= To do =
Copy each of the records exactly; leave nothing out.

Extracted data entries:
[Start of Attachment]
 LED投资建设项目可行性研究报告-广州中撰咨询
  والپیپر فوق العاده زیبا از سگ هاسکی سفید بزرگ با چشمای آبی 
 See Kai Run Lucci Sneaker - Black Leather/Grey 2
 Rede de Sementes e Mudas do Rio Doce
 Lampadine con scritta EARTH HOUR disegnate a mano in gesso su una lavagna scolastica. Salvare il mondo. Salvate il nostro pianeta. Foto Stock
[End of Attachment]
= Solution =
 LED投资建设项目可行性研究报告-广州中撰咨询
  والپیپر فوق العاده زیبا از سگ هاسکی سفید بزرگ با چشمای آبی 
 See Kai Run Lucci Sneaker - Black Leather/Grey 2
 Rede de Sementes e Mudas do Rio Doce
 Lampadine con scritta EARTH HOUR disegnate a mano in gesso su una lavagna scolastica. Salvare il mondo. Salvate il nostro pianeta. Foto Stock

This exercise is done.